Keywords: Artificial intelligence, Hodgkin disease, Bone marrow, Observer variation, Fluorodeoxyglucose F18

Introduction

Skeleton/bone marrow involvement in newly diagnosed Hodgkin’s lymphoma (HL) patients is an important predictor of adverse outcome [1]. However, classifications of focal skeleton/bone marrow uptake (BMU) in [18F]FDG PET/CT images can be challenging. We previously performed a study involving 10 nuclear medicine physicians with various levels of experience in [18F]FDG PET/CT working at different hospitals. They were asked to interpret 48 consecutive, untreated HL patients staged with [18F]FDG PET/CT regarding focal and diffuse BMU. The results showed moderate agreement with mean Kappa values of 0.51 (range 0.25–0.80) and 0.41 (range 0.03–0.68), respectively [2]. In worst-case scenario, one physician could classify a patient as not having focal BMU, while the other classified the same patient as having focal uptake. With the intention of highlighting suspicious focal uptake in skeleton/bone marrow and reducing the risk of it being overlooked, we developed an AI-based method flagging suspicious uptake with red color in the [18F]FDG PET/CT images and automatically calculates a standardized uptake value (SUV) index for diffuse BMU (spine bone marrow SUVmedian/liver SUVmedian) [2].
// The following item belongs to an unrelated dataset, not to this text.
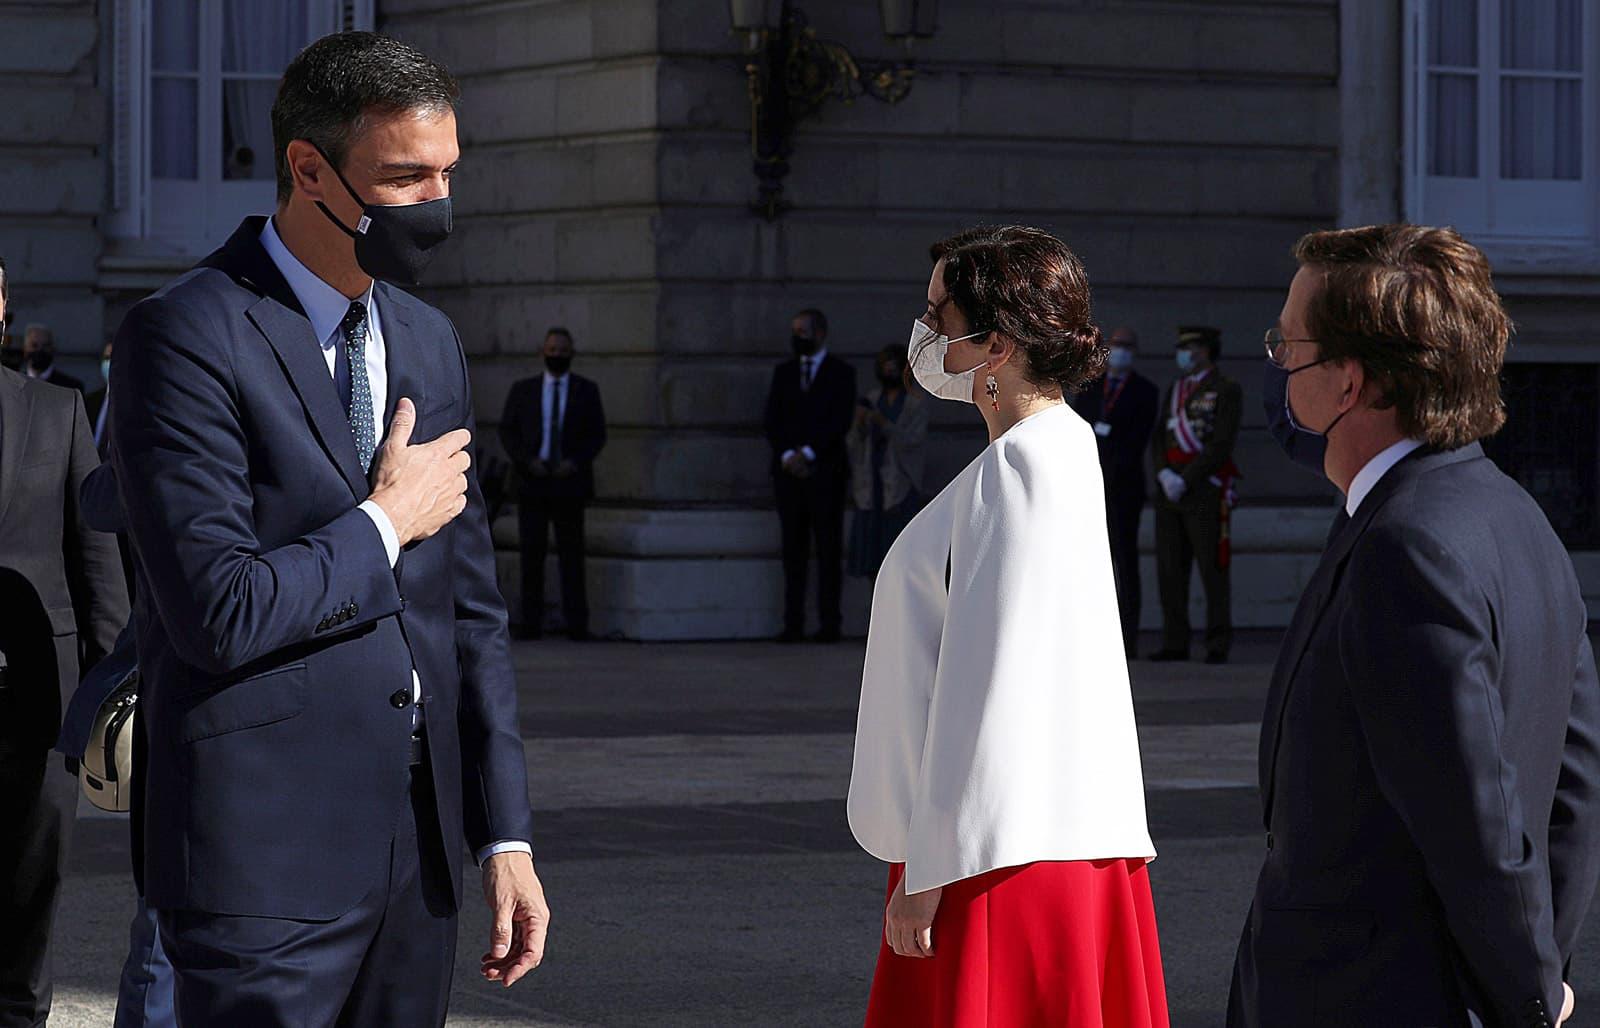 Pedro Sánchez saluda a Isabel Díaz Ayuso en presència de José Luis Rodríguez Almeida, el 12 d'octubre del 2020. Fotografia de Kiko Huesca. Efe.

Our aim was therefore to investigate whether the AI-based method, by highlighting suspicious focal uptake and presenting a quantitative value of diffuse BMU, increases interobserver agreement for both focal and diffuse BMU among a group of physicians from different hospitals classifying HL patients staged with [18F]FDG PET/CT.

Methods

Patients

The same patient material as a recent study was used [2]. All 49 patients who had undergone staging by [18F]FDG PET/CT between 2017 and 2018 at Sahlgrenska University Hospital, with biopsy-proven HL, were retrospectively included. The patients were newly diagnosed and untreated. One patient was excluded due a to falsely reported injection time. The final group consisted of 48 patients with a median age of 35 years (range 7–75) and 46% of the patients were female.

Image Acquisitions

As in our recent study [2], PET/CT data were obtained using an integrated PET/CT system (Siemens Biograph 64 Truepoint). The adult patients were injected with 4 MBq/kg [18F]FDG (maximum 400 MBq) and fasted for at least 6 h prior to injection of FDG. The injected amount of radioactivity for children was according to the EANM Dosage Card (Version 5.7.2016). The standard accumulation time was 60 min. Images were acquired with 3 min per bed position from the base of the skull to the mid-thigh. PET images were reconstructed with a slice thickness of 5 mm and slice spacing of 3 mm with an iterative OSEM 3D algorithm (4 iterations and 8 subsets) and a matrix size of 168 × 168. CT-based attenuation and scatter corrections were applied. A low-dose CT scan (64-slice helical, 120 kV, 30 mAs, 512 × 512 matrix) was obtained covering the same part of the patient as the PET scan. The CT was reconstructed using a filtered back projection algorithm with a slice thickness and spacing matching those of the PET scan [2, 3].

Image Interpretations

Ten nuclear medicine physicians with 2–12 years of experience in PET/CT working in three different hospitals (two in Sweden (Malmö/Lund and Gothenburg) and one in India (Chandigarh)) interpreted the images without AI advice 6 months before the present study [2]. The same physicians were asked to participate again, this time considering the computer advice, i.e., the AI-based method highlighted suspicious focal uptake in red and presented a median SUVindex (SUVmedian spine bone marrow/SUVmedian liver) (Fig. 1). Briefly, the SUVindex was calculated using the whole spine segmentation performed by a convolutional neural network (CNN) [4] (excluding 5 mm from the edges) [2] and the CNN-based whole liver segmentation (excluding 2 cm from the edges) [3]. A SUVindex value of > 1.0 indicates high BMU. The physicians separately classified the 48 [18F]FDG PET/CT images regarding diffuse and focal uptake in skeletal/bone marrow in the following four categories [1].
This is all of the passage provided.